Darri Freyr Atlason is an Icelandic basketball coach and sports commentator. In 2019, he led Valur women's team to both its first national championship and first Icelandic Cup win. As a player, he won two national championships with KR in 2014 and 2015.

==Playing career==
Darri came up through the junior ranks of KR and played his first senior game with the team during the 2011–12 Úrvalsdeild karla season. He retired from playing in 2015 to fully focus on coaching.

==Coaching career==
Darri was hired as the head coach of 1. deild kvenna club KR in 2015. He led them to second place finish during the 2015–2016 season and was named the 1. deild kvenna Coach of the year.

Prior to coaching senior teams Darri coached youth programs in KR, winning multiple national and cup championships in various age groups.

In 2017, Darri was hired as the head coach of Valur of the top-tier Úrvalsdeild kvenna. During his first season he led the team to the Úrvalsdeild finals where it lost to Haukar.

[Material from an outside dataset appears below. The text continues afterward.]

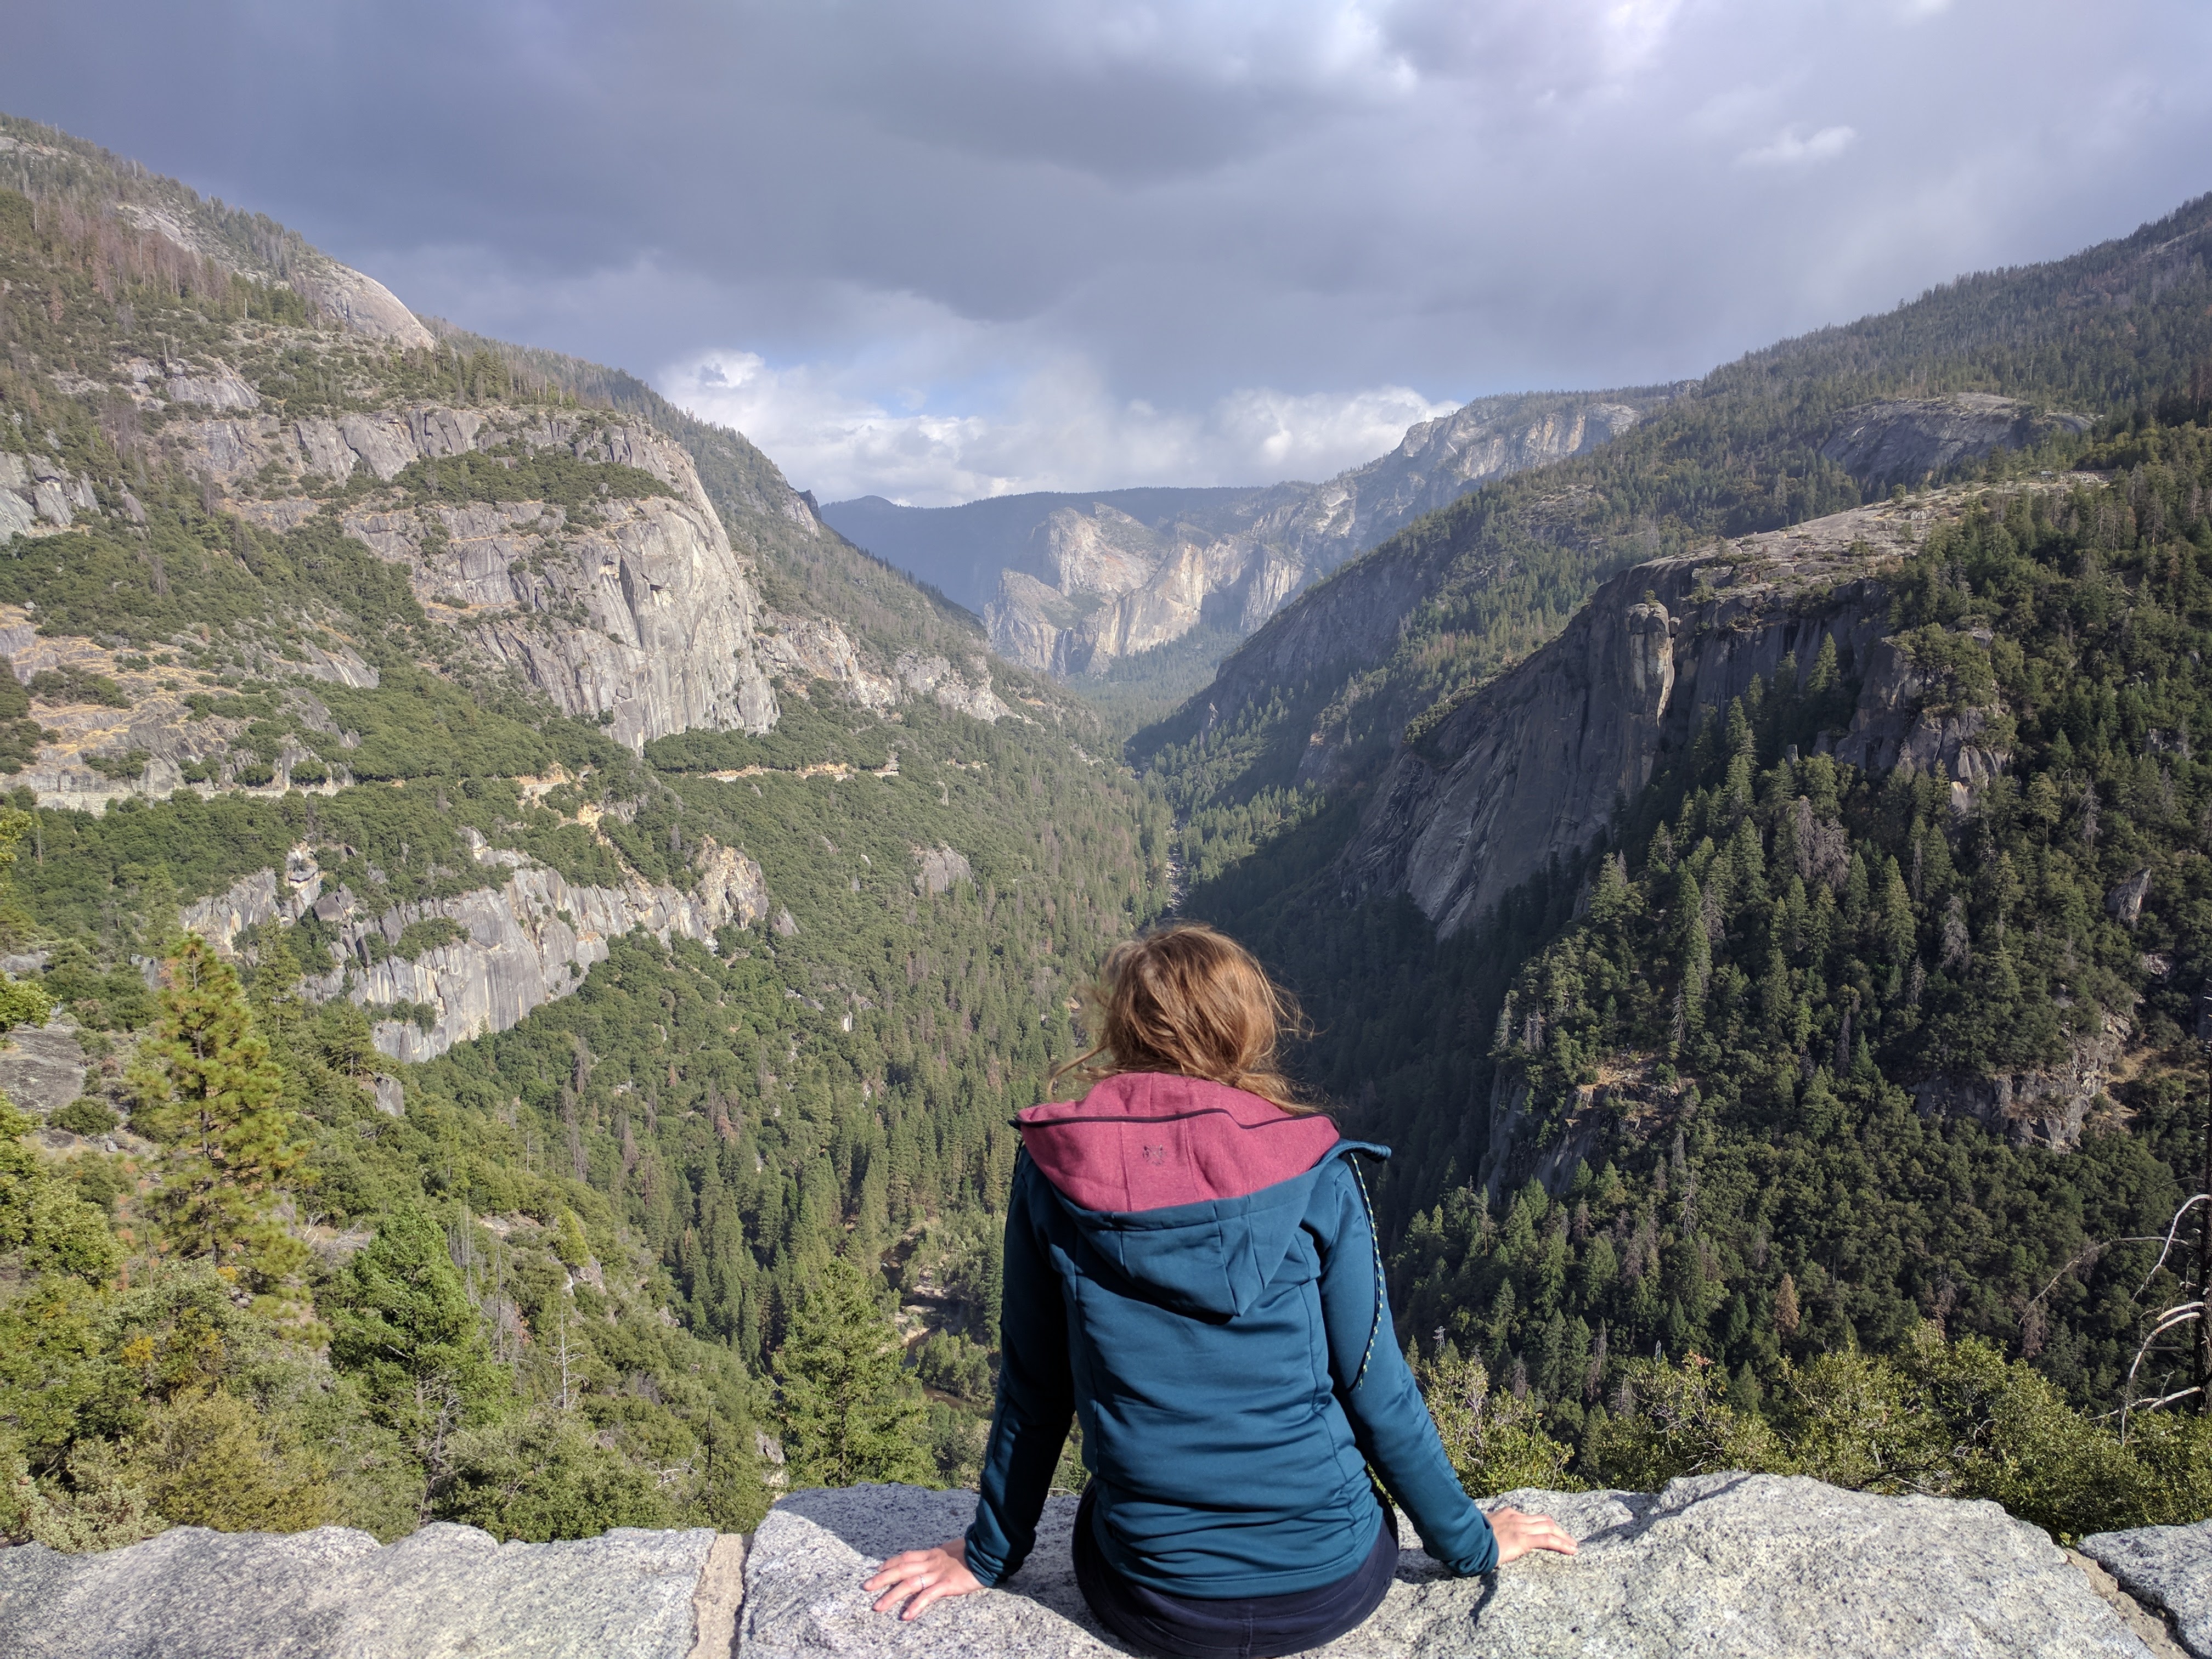 De mooie uitzichten in Yosemite zijn eindeloos (en de foto momentjes dus ook)!

In 2019, he guided Valur to the best record in the league, the Icelandic Cup and its first national championship.

The team opened the 2019–20 season by defeating Keflavík, 105-81, in the annual Icelandic Super Cup. It was Valur's first Super Cup win and the victory made them the holders of all four major national crowns, the others being the national championship, the national cup and the league championship which is awarded for the best regular season record in the Úrvalsdeild.

In beginning of May 2020, Darri stepped down as head coach of Valur. Later that month, on 25 May, he was introduced as the new head coach of reigning men's national champions KR.

During the 2021–22 season, he led KR to a fifth place finish. In the playoffs, KR beat Reykjavík rivals Valur in the first round but got swept by Keflavík in the semi-finals. In June 2021, he resigned as head coach to focus on his work in business development for the financial technology company Lucinity.

==Personal life==
Darri Freyr is the older brother of basketball player Almar Orri Atlason. Darri Freyr is currently getting his master in business from Harvard Business School.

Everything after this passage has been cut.